Si es para música en vivo, o eventos, no te recomiendo ésta configuración (insistiendo en que falta los medios, y más importante para sonido en vivo).

Sobre la máxima potencia aplicada al bafle (bajos), dependerá de la potencia máxima de salida (RMS) de tu potencia, y la potencia máxima que puede manejar tu bafle ("bajos"). Suponiendo que tu potencia es de 700W, y el bafle ("bajos"), de 1400W (según datos más arriba), el máximo teórico sería de 700W, peeeroo, si tu potencia tiene la posibilidad de ponerla en BTL (en puente, bridge...), se podría aprovechar el máximo de tu bafle ("bajos")...

Saludos...

PD: Espero no enredarte...
PD2: La configuración en BTL (puente, bridge), no es recomendable si no tenés noción de qué se trata, así que no te recomiendo tocar nada de tu potencia (en caso que tenga el modo bridge), ya que NO se conecta como las demás conexiones (tiene una cierta conexión "especial")...


----------



## Daniel19 (Dic 18, 2011)

Gracias por responder, mas tarde te respondo a lo que me dijistes ahora ando con poco time. Feliz Dia.


----------



## Daniel19 (Dic 19, 2011)

Hola Volvi.. 
Respondiendote,.. 
Si es un sonido para mi hogar y bueno lo saco para el patio de mi casa que es aire libre, 
Te dije al principio que no soy experto y para empezar no entiendo esto "poner algún bafle (parlante) para medios (sistema de 3 vías),"

Cuandote digo "Bajos" digo q es La Corneta mas grande de 15" yta la veras mas abajo..

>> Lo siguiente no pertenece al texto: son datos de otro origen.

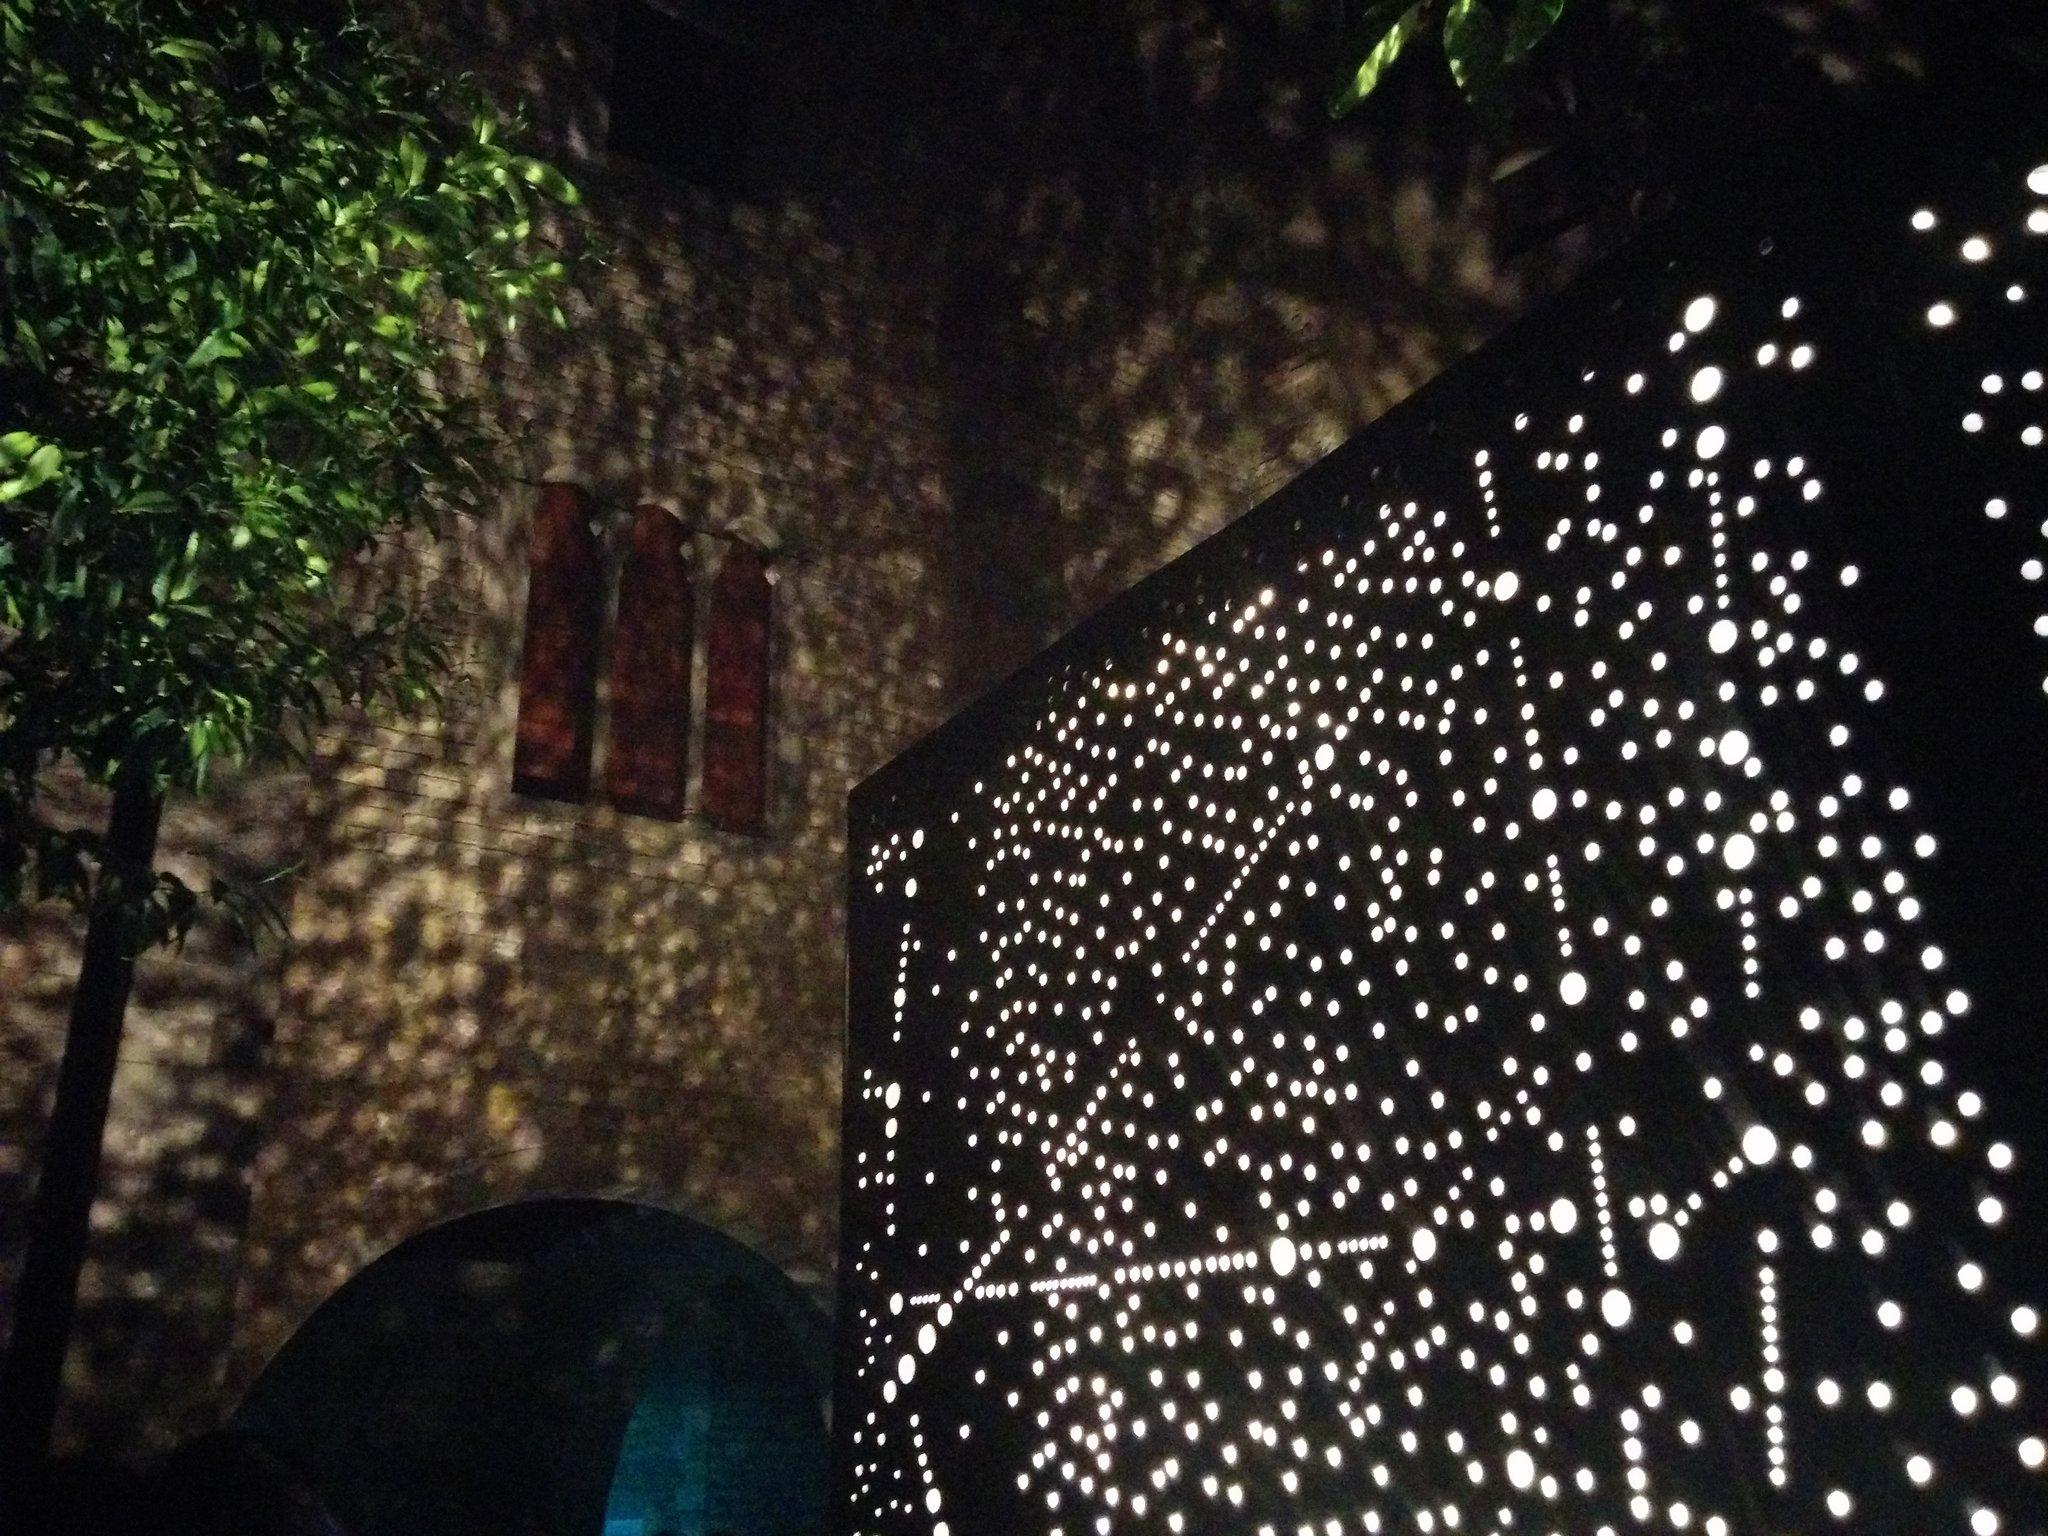 Misteri abrumador amb #galaxyied de @iedbarcelona al pati del @MuseuFMares #LlumBCN16 https://t.co/2Johd6uftQ

-No es para sonido en vivo Amigo..

-En lo otro, sabes que el Amplificador en la Caja dice 400W Max pero detras por las salidas dice Output 700W Max ayi no entiendo mucho.

-lo de puente bridge no te entiendo...







Son Dos Cajones Asi como ese...

ya probe sin el ecualizador y lo estoy usando asi en estos momentos pero no le puedo dar mucho voleumen porque suena orrible..



Estas son las especificaciones del ecualizador 





Pero atras de el dice lo q puse arriba.


----------



## DJ T3 (Dic 19, 2011)

Con respecto a de que no entendés mucho, traté de decir con las palabras más simples, pero trataré de explicarte de otra forma esta ves. (creo que por ahí leí en Taringa! que preguntabas por cómo ecualizar, jejeje..).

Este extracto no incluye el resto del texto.